→ **Assignment**: Where the line containing "Cosmic Ghost Rider" appears in the entries below, start there and print only that line and every line after it, exactly, through the end, excluding pictures.
Data listing Start Marker
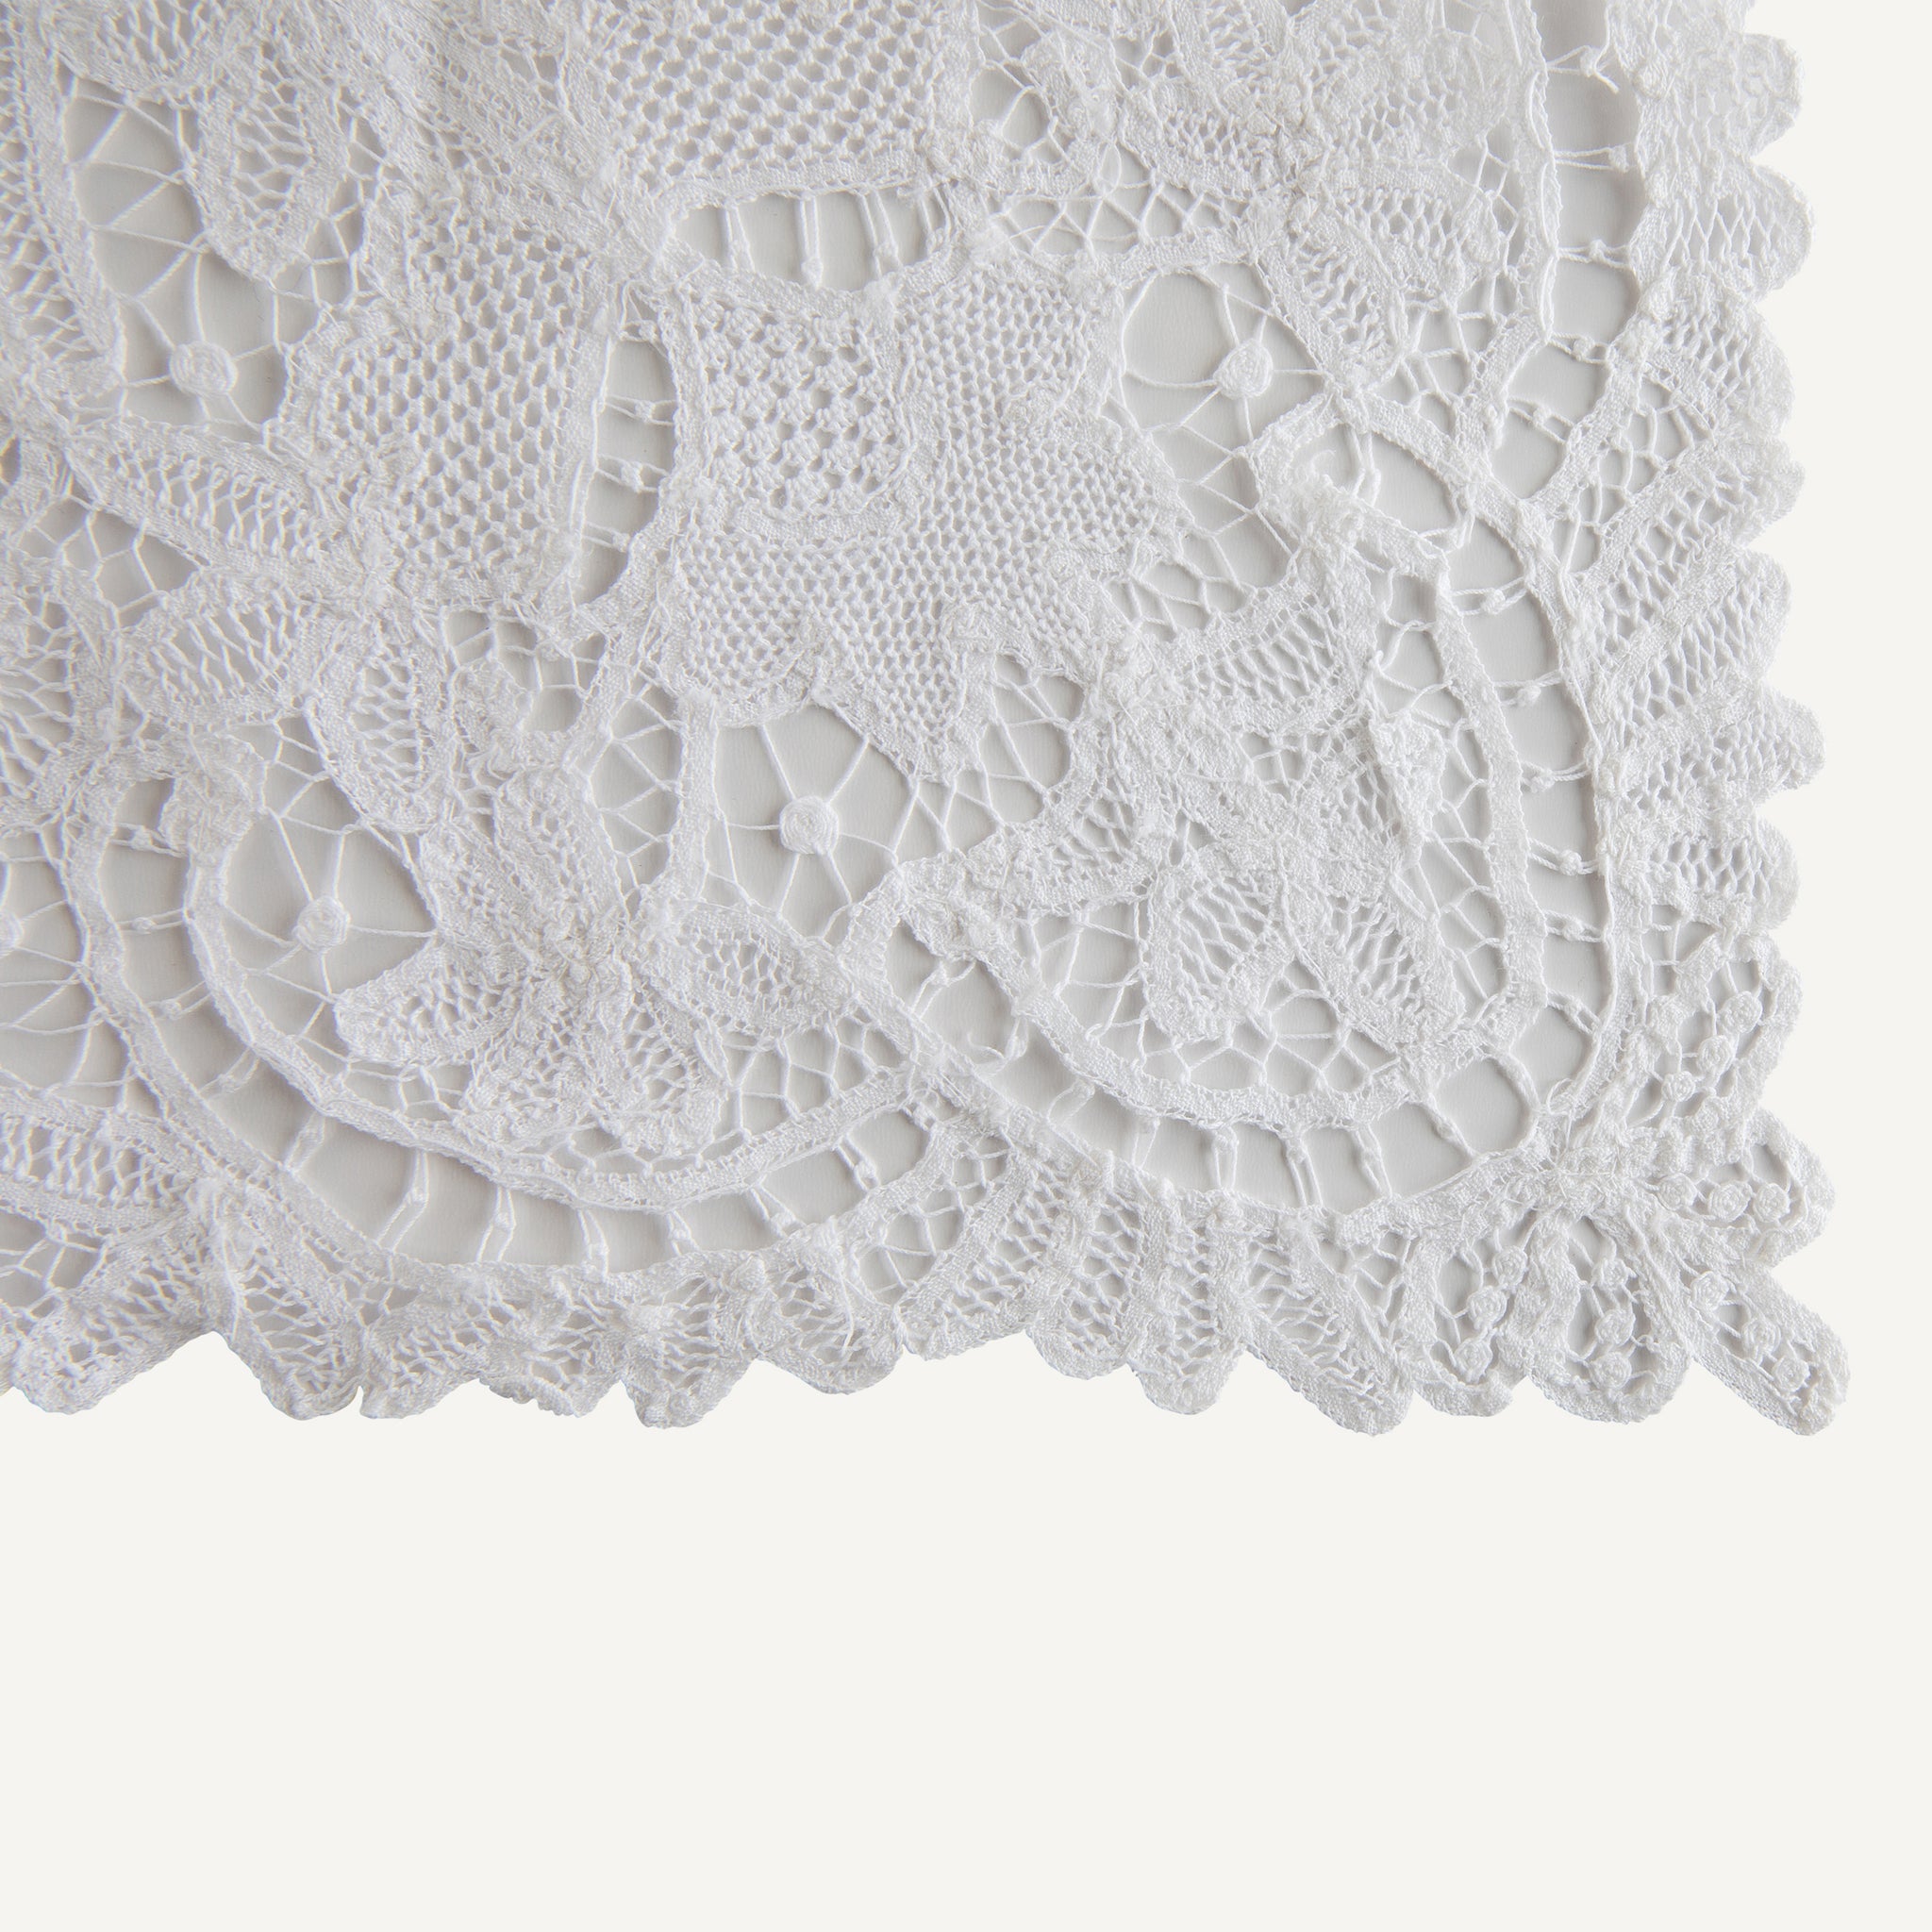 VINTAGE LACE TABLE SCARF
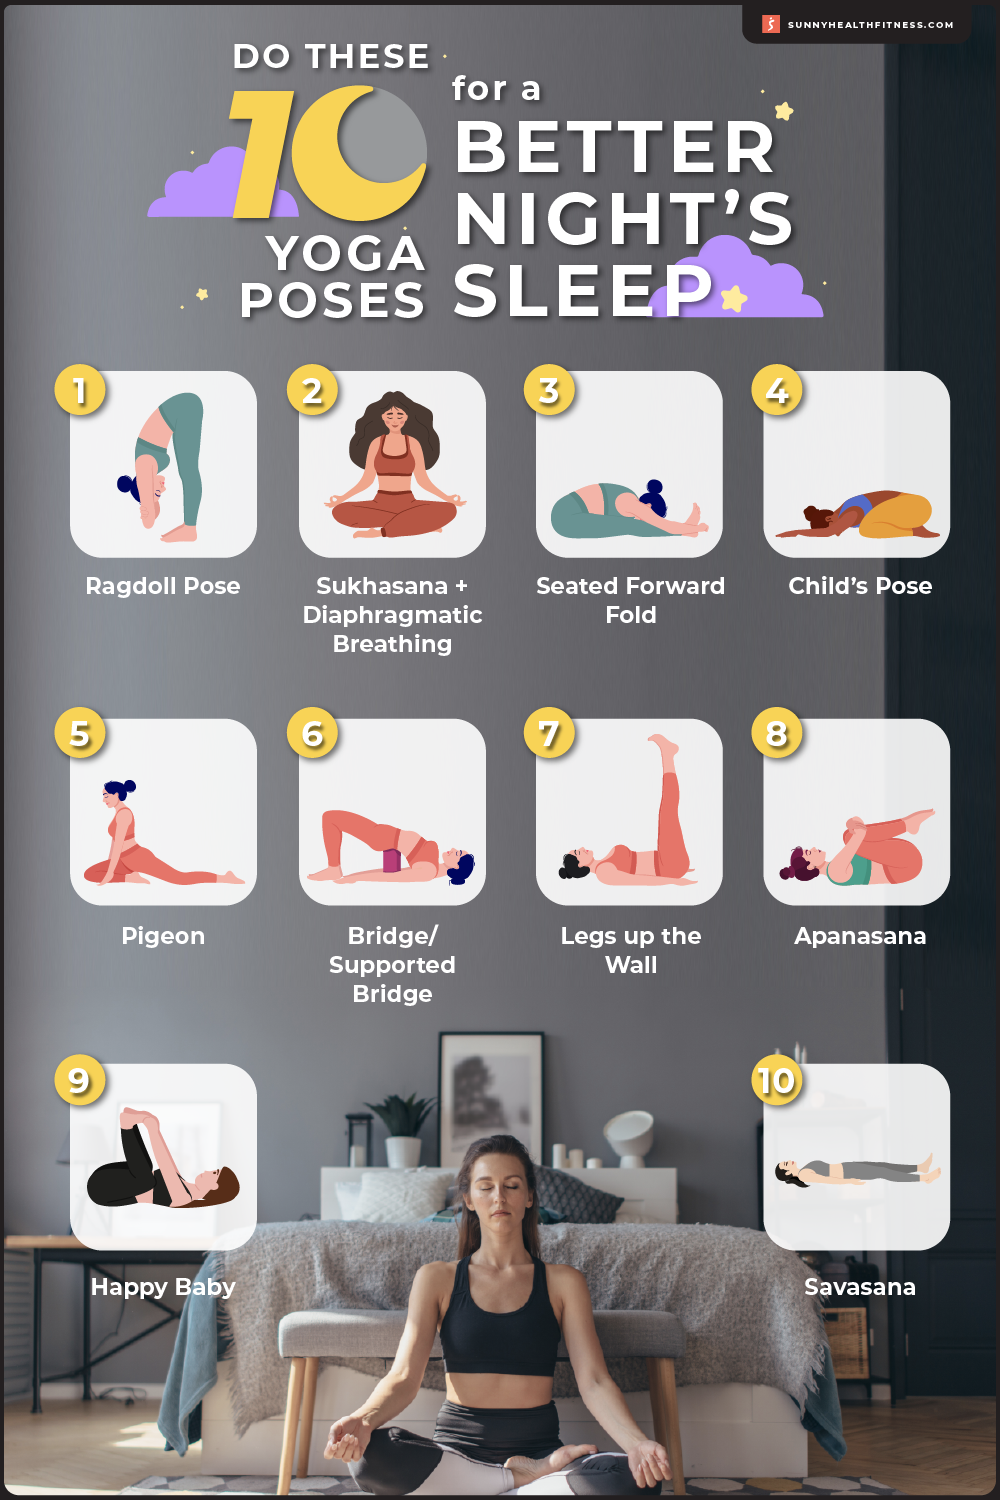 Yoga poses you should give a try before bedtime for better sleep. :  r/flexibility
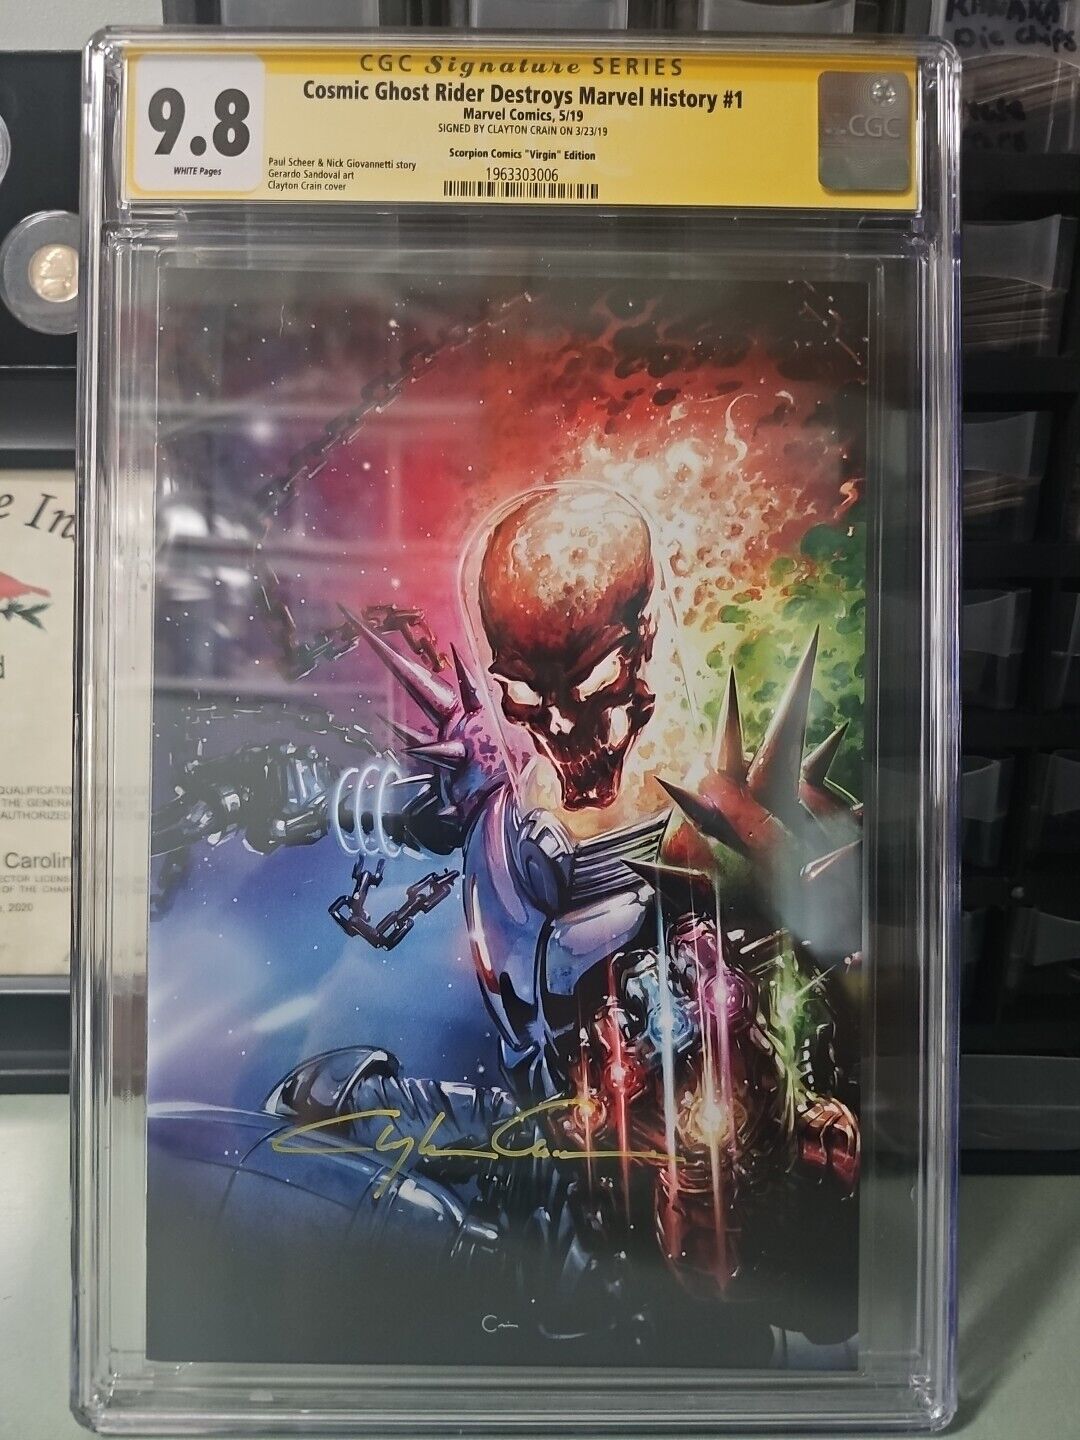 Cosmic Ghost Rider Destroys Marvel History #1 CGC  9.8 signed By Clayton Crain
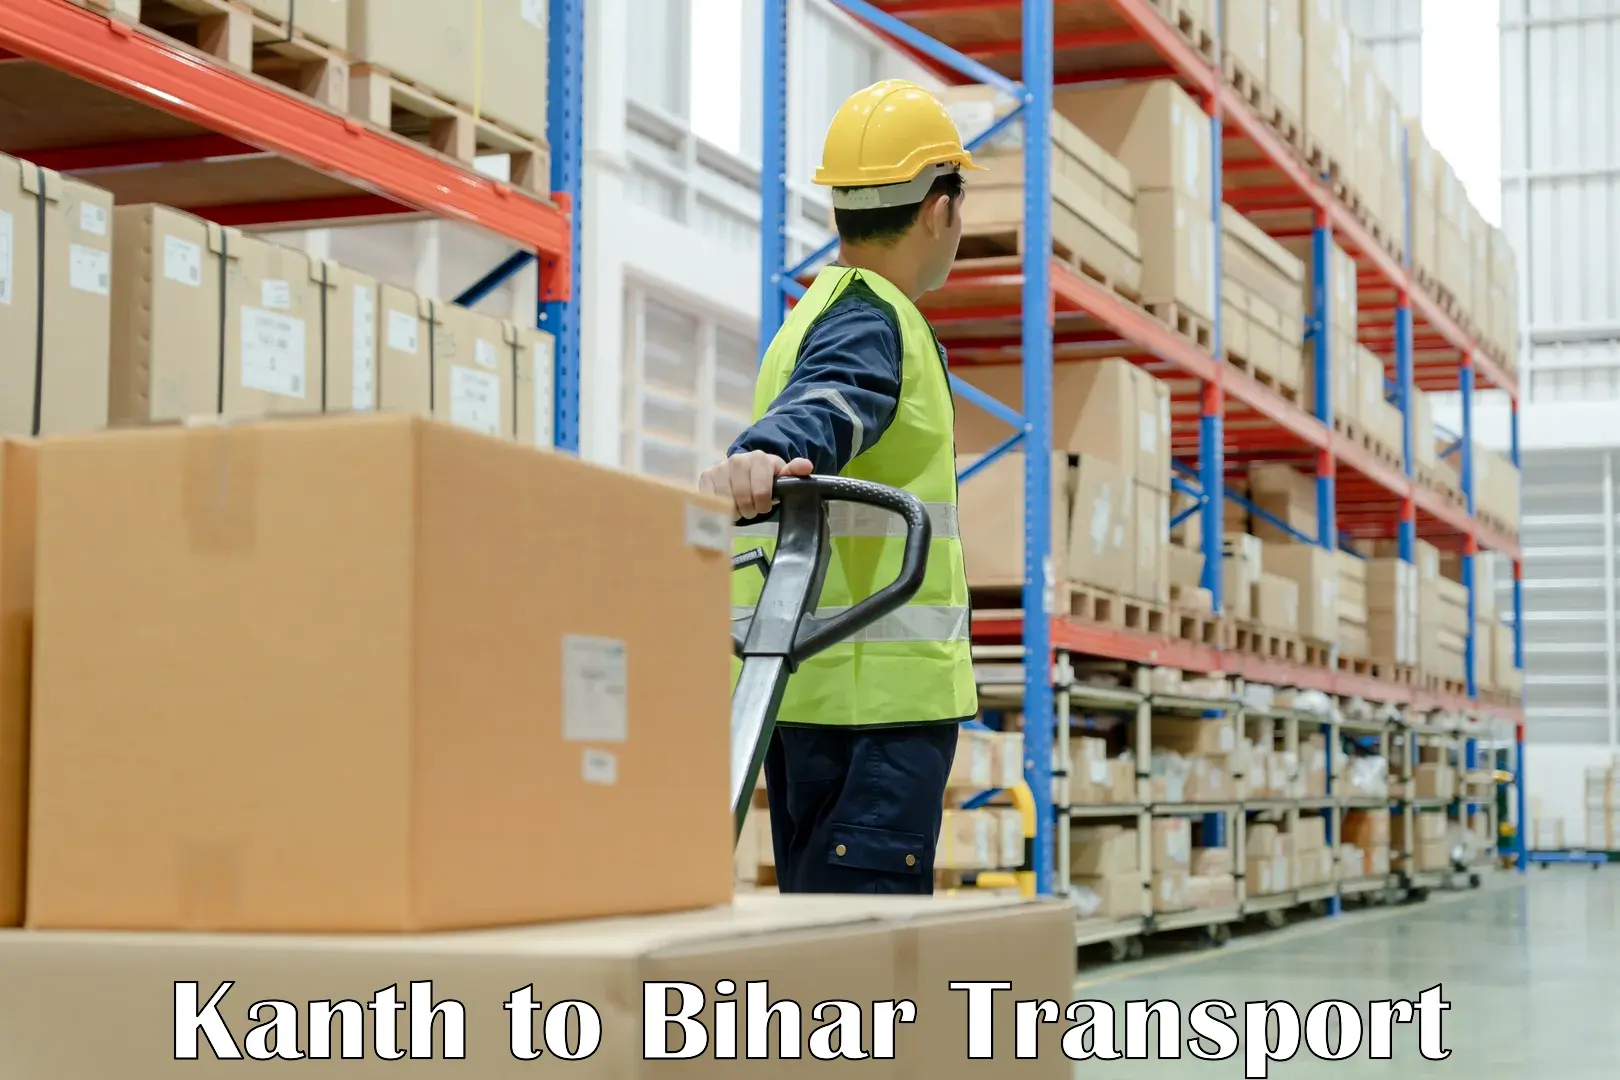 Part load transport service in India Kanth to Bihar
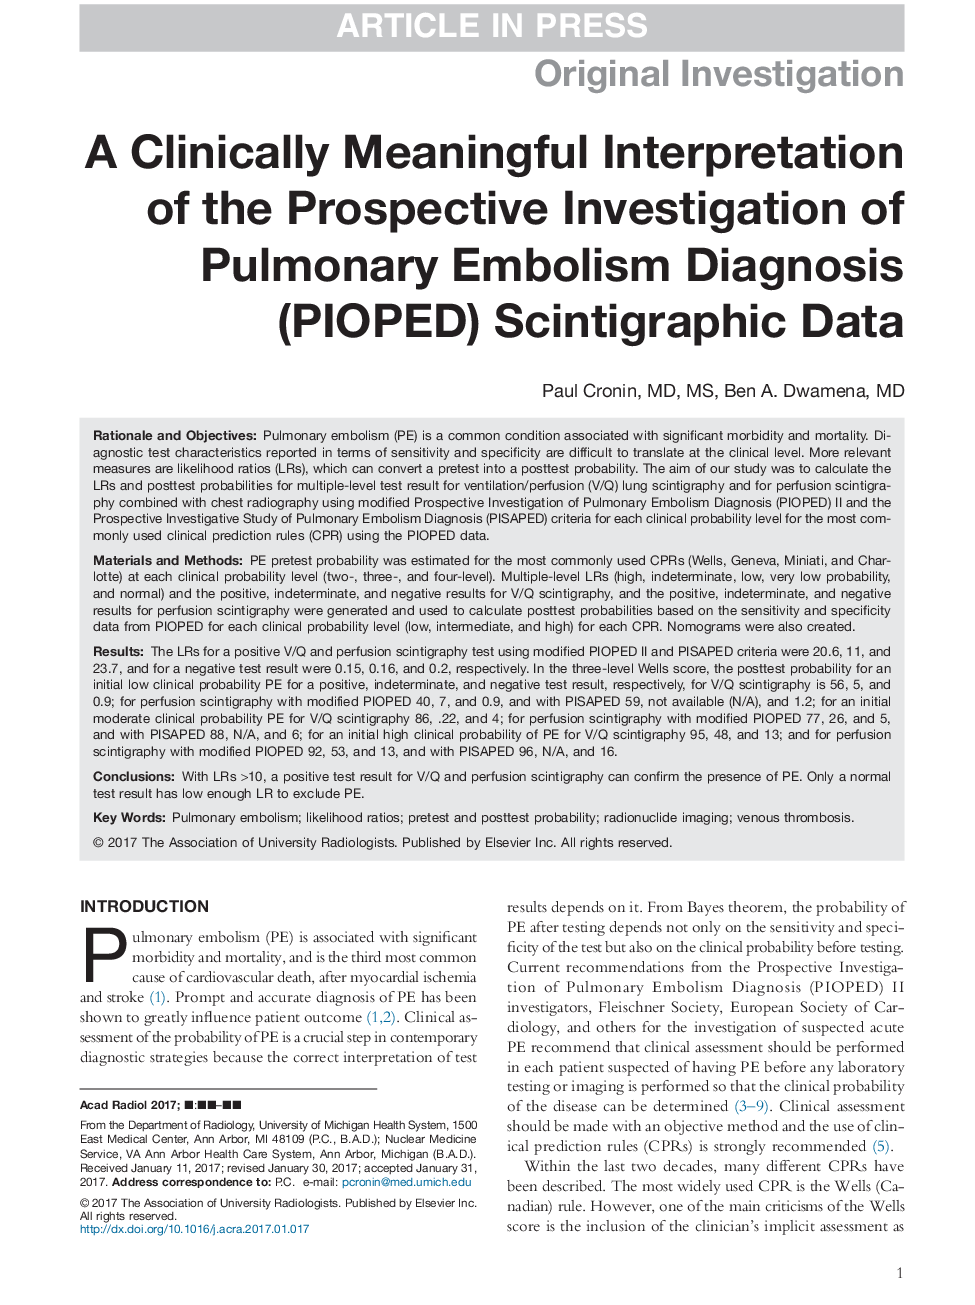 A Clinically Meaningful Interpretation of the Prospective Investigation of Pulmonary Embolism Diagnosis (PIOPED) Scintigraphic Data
Data listing End Marker
→ **Problem solution**:
 Cosmic Ghost Rider Destroys Marvel History #1 CGC  9.8 signed By Clayton Crain
 Part load transport service in India Kanth to Bihar
 A Clinically Meaningful Interpretation of the Prospective Investigation of Pulmonary Embolism Diagnosis (PIOPED) Scintigraphic Data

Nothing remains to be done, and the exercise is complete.